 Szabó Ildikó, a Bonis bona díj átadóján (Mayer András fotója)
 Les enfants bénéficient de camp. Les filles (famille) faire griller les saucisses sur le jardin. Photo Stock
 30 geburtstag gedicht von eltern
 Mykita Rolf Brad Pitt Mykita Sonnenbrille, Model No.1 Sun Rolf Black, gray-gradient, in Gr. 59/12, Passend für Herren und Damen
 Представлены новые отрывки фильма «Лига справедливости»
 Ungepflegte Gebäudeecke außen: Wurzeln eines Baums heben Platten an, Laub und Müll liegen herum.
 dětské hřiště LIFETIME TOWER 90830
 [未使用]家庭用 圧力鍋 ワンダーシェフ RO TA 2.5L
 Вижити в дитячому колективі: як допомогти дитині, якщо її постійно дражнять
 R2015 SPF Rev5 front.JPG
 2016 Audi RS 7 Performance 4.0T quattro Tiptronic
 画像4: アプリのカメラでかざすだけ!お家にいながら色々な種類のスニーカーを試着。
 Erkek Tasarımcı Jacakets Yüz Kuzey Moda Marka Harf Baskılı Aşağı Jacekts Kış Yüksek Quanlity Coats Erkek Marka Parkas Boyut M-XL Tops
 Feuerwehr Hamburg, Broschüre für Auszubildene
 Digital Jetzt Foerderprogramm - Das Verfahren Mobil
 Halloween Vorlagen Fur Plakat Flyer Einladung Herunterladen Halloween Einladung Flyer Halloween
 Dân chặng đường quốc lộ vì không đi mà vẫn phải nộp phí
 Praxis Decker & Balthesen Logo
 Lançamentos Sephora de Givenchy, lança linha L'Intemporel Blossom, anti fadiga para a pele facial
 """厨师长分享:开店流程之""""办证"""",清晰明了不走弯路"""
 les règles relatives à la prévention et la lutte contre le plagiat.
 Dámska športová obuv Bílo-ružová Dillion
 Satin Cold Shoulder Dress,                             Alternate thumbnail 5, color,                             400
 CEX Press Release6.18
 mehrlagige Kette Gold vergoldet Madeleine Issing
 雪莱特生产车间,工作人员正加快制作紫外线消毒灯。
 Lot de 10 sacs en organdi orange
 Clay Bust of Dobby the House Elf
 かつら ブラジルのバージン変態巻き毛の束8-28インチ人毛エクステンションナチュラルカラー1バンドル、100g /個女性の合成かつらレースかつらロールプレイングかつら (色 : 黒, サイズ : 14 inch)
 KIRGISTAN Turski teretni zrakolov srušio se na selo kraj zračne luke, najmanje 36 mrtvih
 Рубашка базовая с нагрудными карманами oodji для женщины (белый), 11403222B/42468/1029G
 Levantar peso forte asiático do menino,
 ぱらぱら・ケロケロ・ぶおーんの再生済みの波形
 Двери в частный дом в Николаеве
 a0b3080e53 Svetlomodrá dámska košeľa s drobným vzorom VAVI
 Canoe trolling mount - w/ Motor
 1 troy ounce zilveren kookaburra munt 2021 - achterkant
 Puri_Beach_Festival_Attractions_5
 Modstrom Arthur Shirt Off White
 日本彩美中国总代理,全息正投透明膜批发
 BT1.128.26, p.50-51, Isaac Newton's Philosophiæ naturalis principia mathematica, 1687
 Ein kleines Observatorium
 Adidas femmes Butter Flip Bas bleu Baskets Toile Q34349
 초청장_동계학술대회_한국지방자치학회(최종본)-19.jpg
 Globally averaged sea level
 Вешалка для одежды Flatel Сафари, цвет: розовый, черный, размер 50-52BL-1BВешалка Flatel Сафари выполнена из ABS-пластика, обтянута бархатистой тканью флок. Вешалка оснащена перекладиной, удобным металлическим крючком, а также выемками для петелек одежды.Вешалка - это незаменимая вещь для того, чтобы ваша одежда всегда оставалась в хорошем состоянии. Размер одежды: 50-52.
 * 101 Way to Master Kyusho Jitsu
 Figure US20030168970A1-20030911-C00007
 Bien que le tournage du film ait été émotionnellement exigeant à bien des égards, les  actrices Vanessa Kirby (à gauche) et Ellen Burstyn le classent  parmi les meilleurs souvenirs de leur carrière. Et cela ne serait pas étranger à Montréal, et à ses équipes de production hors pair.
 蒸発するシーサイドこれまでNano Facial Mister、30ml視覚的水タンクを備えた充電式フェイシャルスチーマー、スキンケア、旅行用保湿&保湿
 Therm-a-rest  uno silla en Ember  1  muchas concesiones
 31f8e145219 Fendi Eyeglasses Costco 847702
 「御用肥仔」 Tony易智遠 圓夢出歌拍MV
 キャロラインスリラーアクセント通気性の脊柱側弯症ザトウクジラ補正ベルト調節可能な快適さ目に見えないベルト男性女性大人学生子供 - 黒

Assigned task. Return the lines of the listing above exactly as they appear, starting with the first and stopping after the line that holds "Вижити в дитячому".

Exercise result.
 Szabó Ildikó, a Bonis bona díj átadóján (Mayer András fotója)
 Les enfants bénéficient de camp. Les filles (famille) faire griller les saucisses sur le jardin. Photo Stock
 30 geburtstag gedicht von eltern
 Mykita Rolf Brad Pitt Mykita Sonnenbrille, Model No.1 Sun Rolf Black, gray-gradient, in Gr. 59/12, Passend für Herren und Damen
 Представлены новые отрывки фильма «Лига справедливости»
 Ungepflegte Gebäudeecke außen: Wurzeln eines Baums heben Platten an, Laub und Müll liegen herum.
 dětské hřiště LIFETIME TOWER 90830
 [未使用]家庭用 圧力鍋 ワンダーシェフ RO TA 2.5L
 Вижити в дитячому колективі: як допомогти дитині, якщо її постійно дражнять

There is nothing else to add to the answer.